Showing posts with label Travel Photos. Show all posts
Showing posts with label Travel Photos. Show all posts

Thursday, December 02, 2010

An Emerging Voice tours Europe

Graduate life at Syracuse does not really give one much time to breathe or blog so the last month was a welcome change. I was selected to be an 'Emerging Voices' through an essay competition organized by the Institute of Tropical Medicine (ITM) and got to spend two weeks with them in Antwerp, Belgium attending a workshop on building our research publication and presentation capacities and presenting my essay at the ITM Colloquium. My topic was on language barriers in healthcare settings in India, something I had started writing about on this blog quite a while ago. ITM also organised for us to go to the First Global Symposium on Health Systems Research in Montreux, Switzerland. I was selected to be one of the three Emerging Voices to present our views of the symposium at the closing plenary. We spent hours trying to collate feedback, develop a critique and fit it all into a six minute Pecha Kucha style presentation. The effort paid off when we received the only standing ovation of the symposium the next day, a moment now immortalized on YouTube.



As usual my camera travelled with me although I did not use it much during the actual workshop and symposium days. Most of the shots are from our walks around Antwerp and Sunday trips to Amsterdam and Rochers de Naye.

Wednesday, January 13, 2010

MFC meet at Sevagram



Thanks to my recently accquired Canon EOS DIGITAL REBEL XSi I have been a happy shutterbug this month. Check out my debut photos from the annual meet of the Medico Friend Circle in Sevagram.

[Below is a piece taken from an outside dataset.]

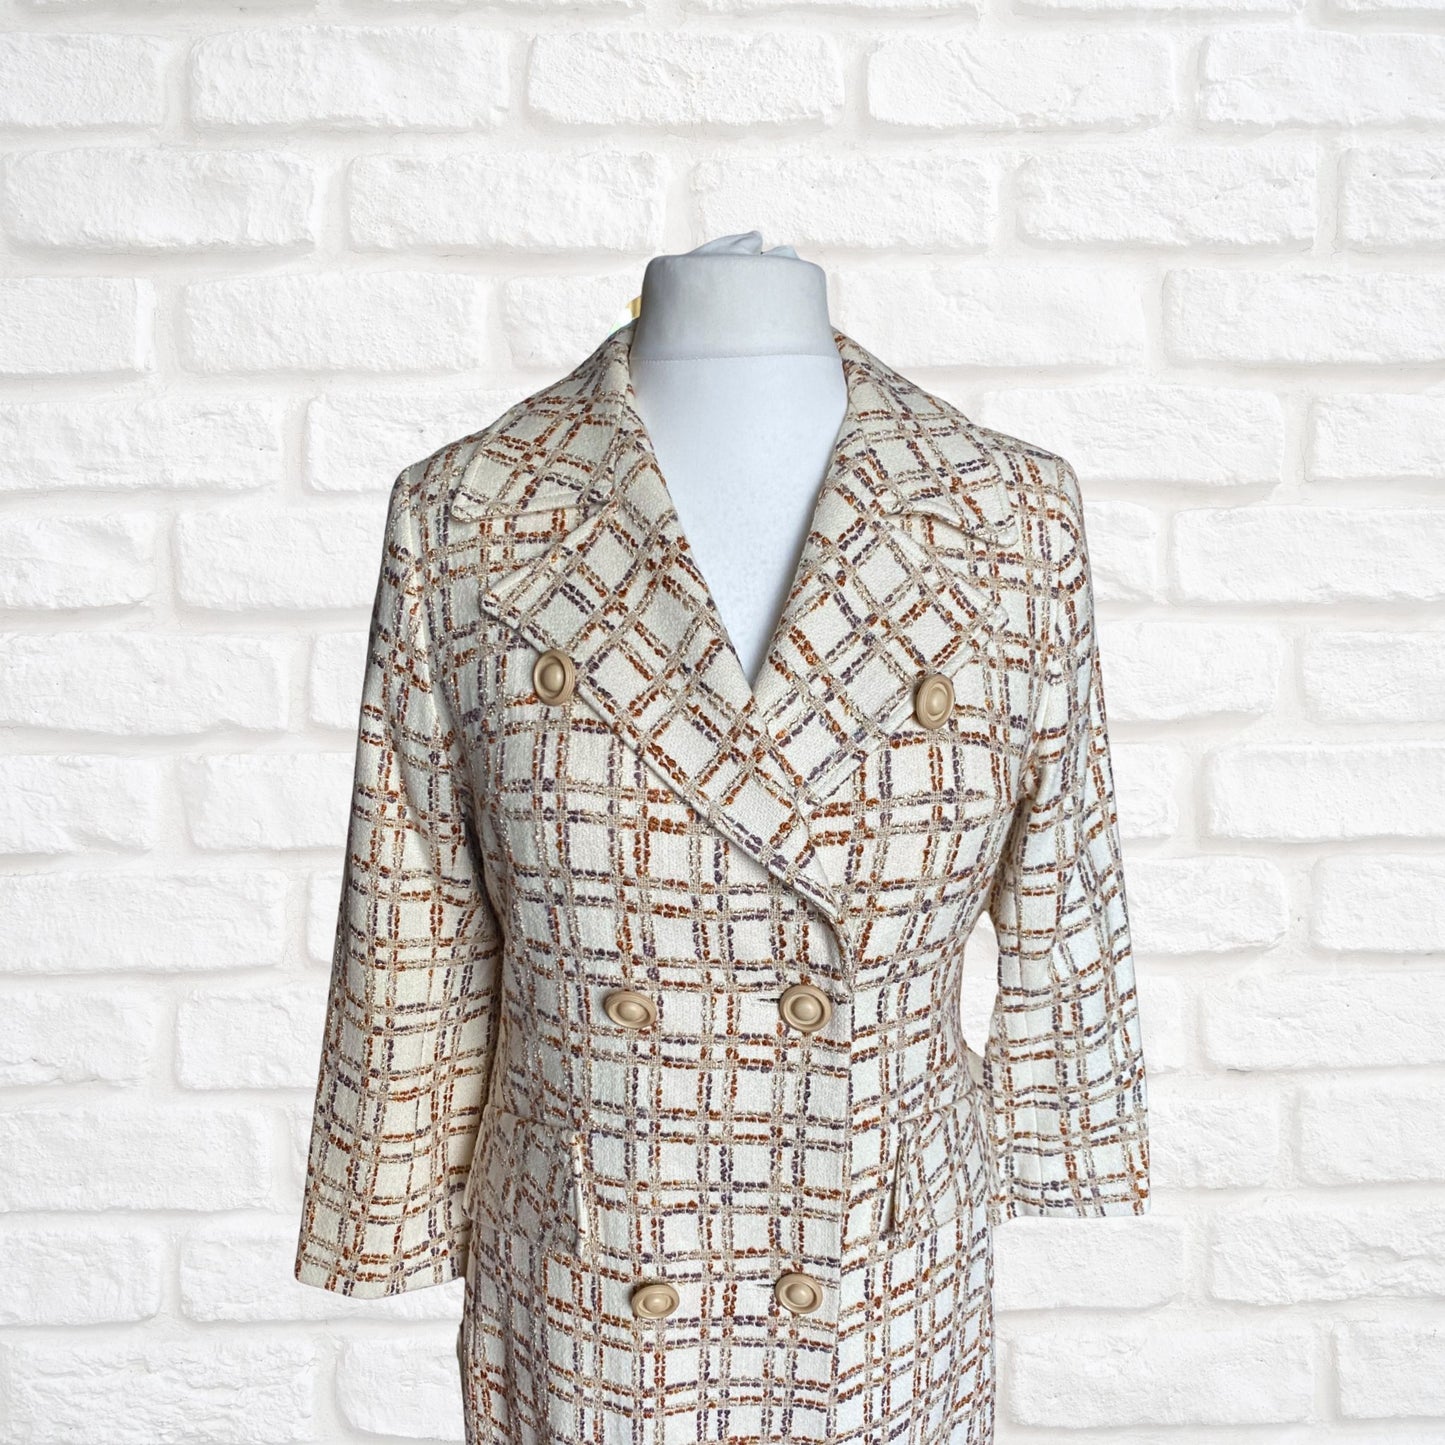 60s/70s vintage cream and copper wool blend coat. Approx UK size 12-14

The Medico Friend Circle (MFC) is a group started in the 1970s that has functioned as a sort of 'intellectual critique central' of the health movement in India. Meetings are held twice a year with all members sitting on the floor in a community circle. The content can be frustratingly impractical to the new comer at times, with hardly any actionable points coming out of two days of deliberations. However old-timers will point out that this is exactly what gives MFC its appeal. It is a place where activists and health professionals who spend the rest of the year working with the practical realities of health in India can indulge in two days of networking and free for all intellectual debate on their projects and ideas. Everyone goes home the richer.